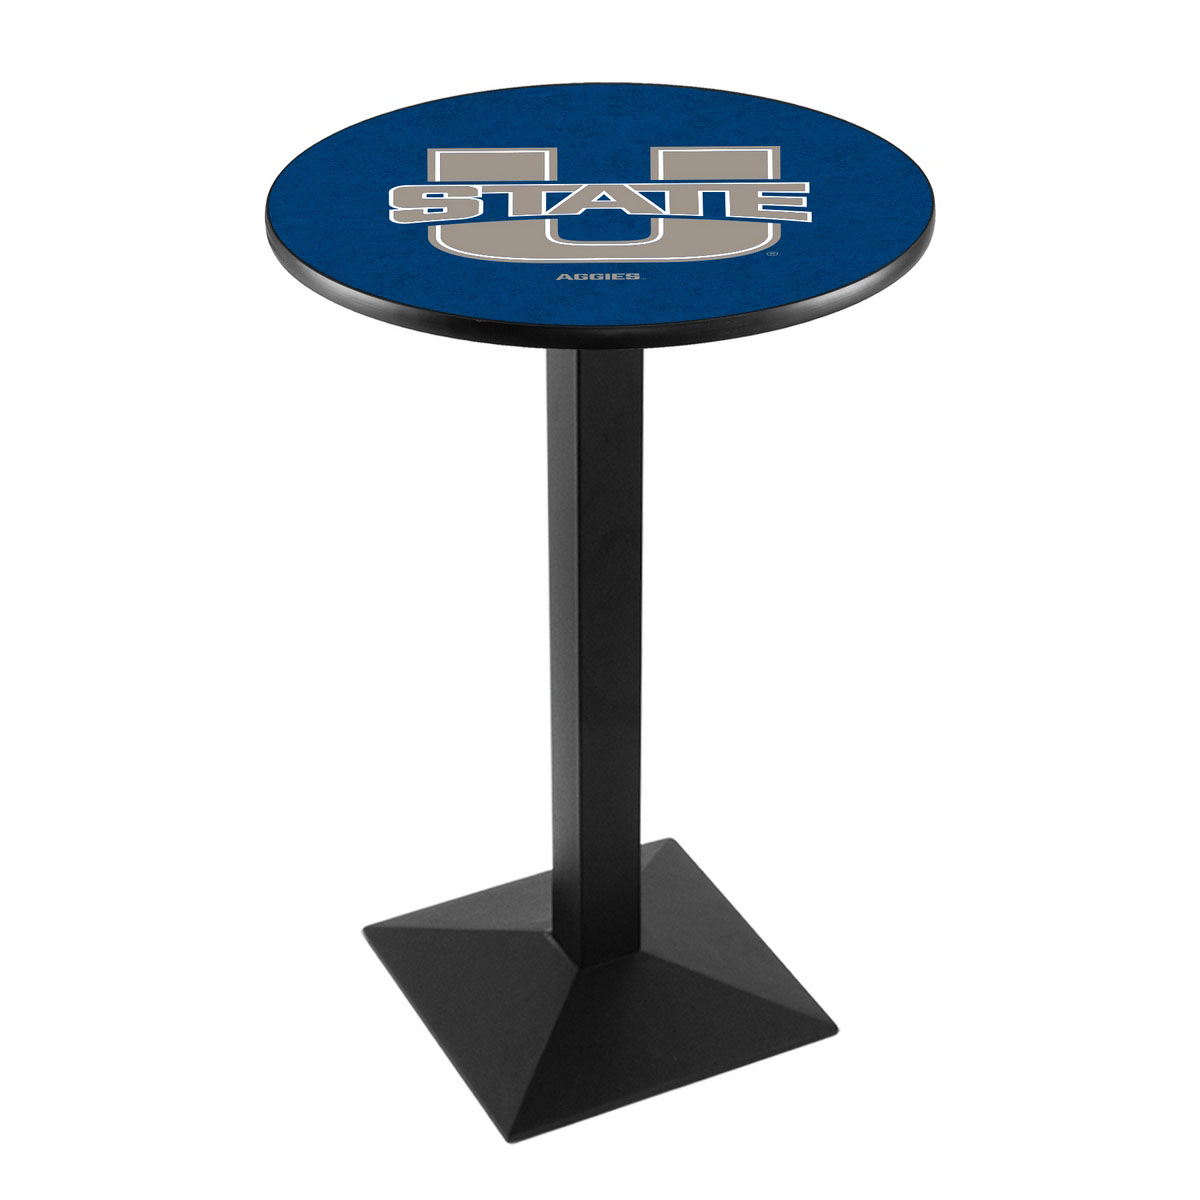 Design Utah State University Logo Pub Bar Table Square Stand Product Photo
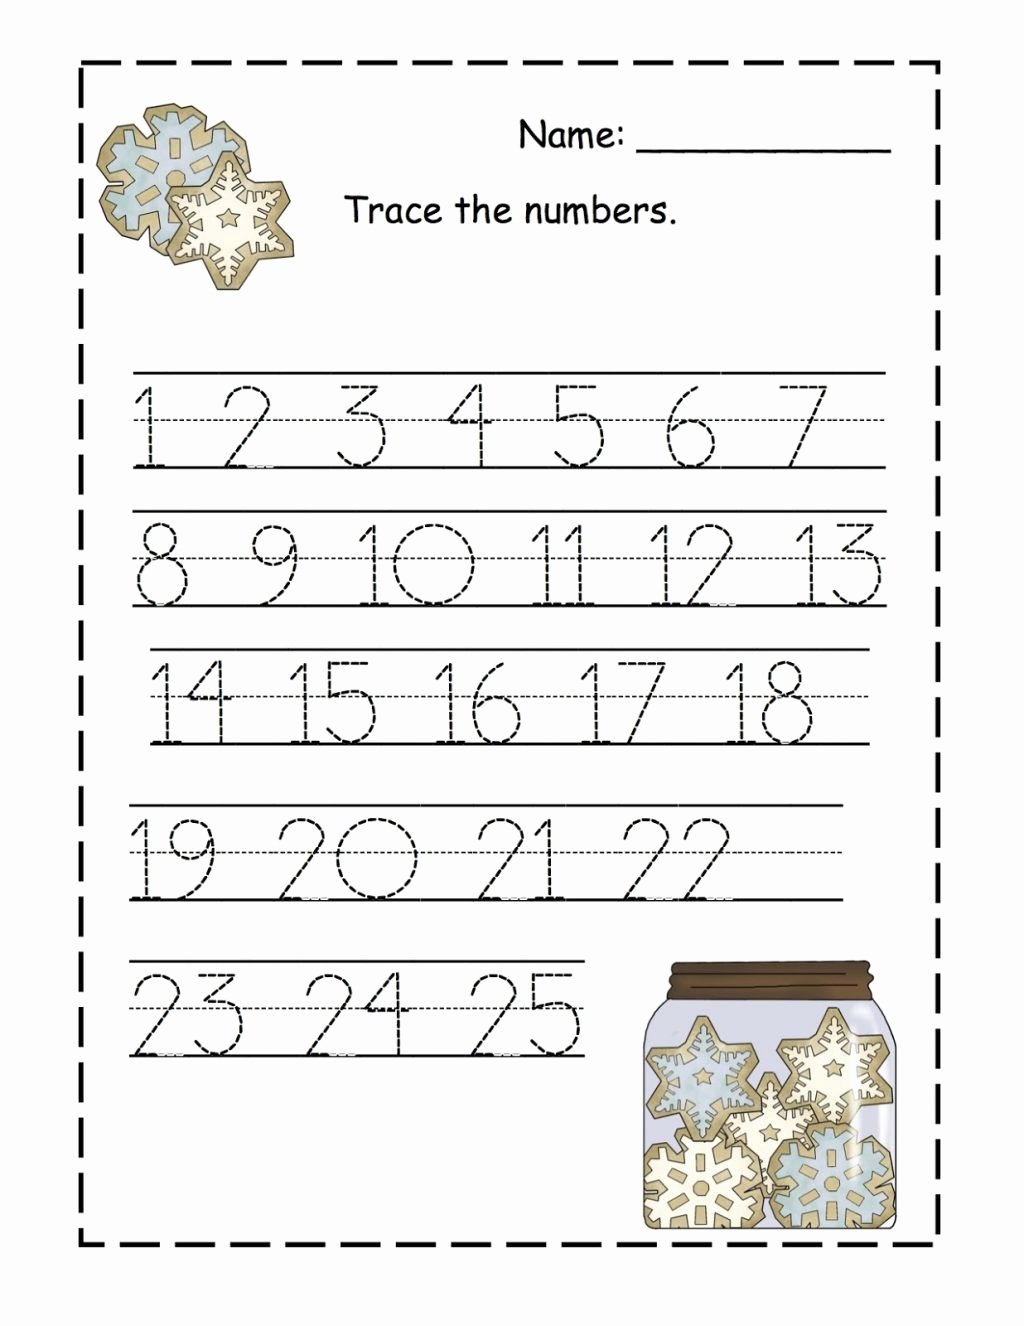 Writing Name Worksheets for Preschoolers Lovely Worksheet Worksheet Preschool Printing Worksheets Fabulous
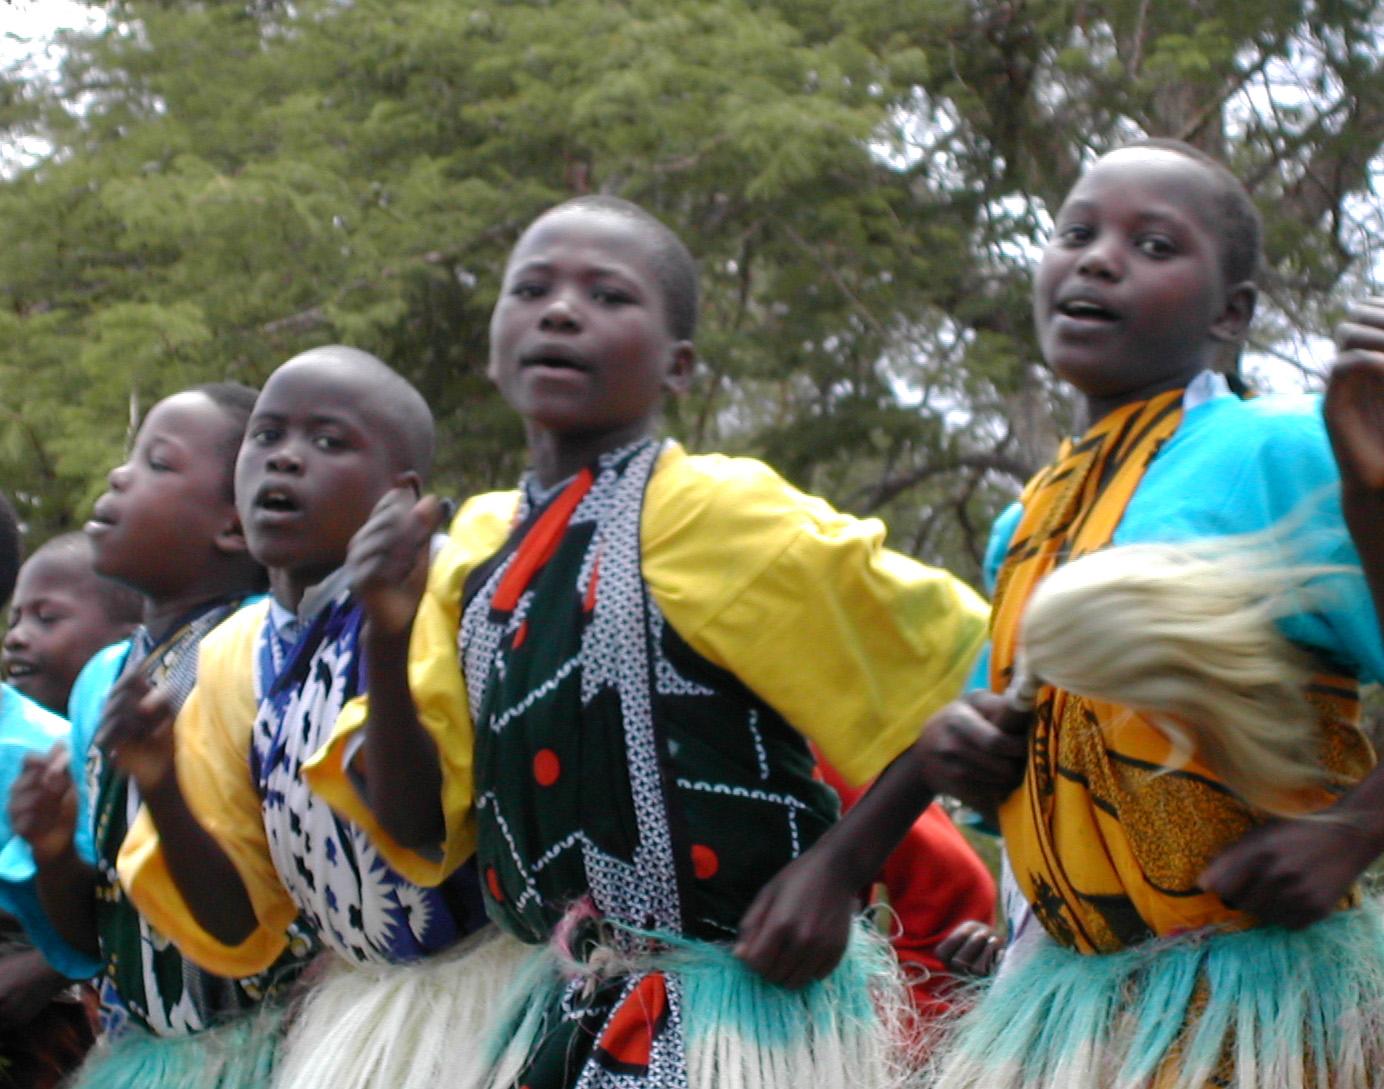 Kenyan People And Culture File:Kenyan dancers.jp...

What this task involves: One exact copy of the data is required, and it should hold no pictures.

Your solution:
 Design Utah State University Logo Pub Bar Table Square Stand Product Photo
 Writing Name Worksheets for Preschoolers Lovely Worksheet Worksheet Preschool Printing Worksheets Fabulous
 Kenyan People And Culture File:Kenyan dancers.jp...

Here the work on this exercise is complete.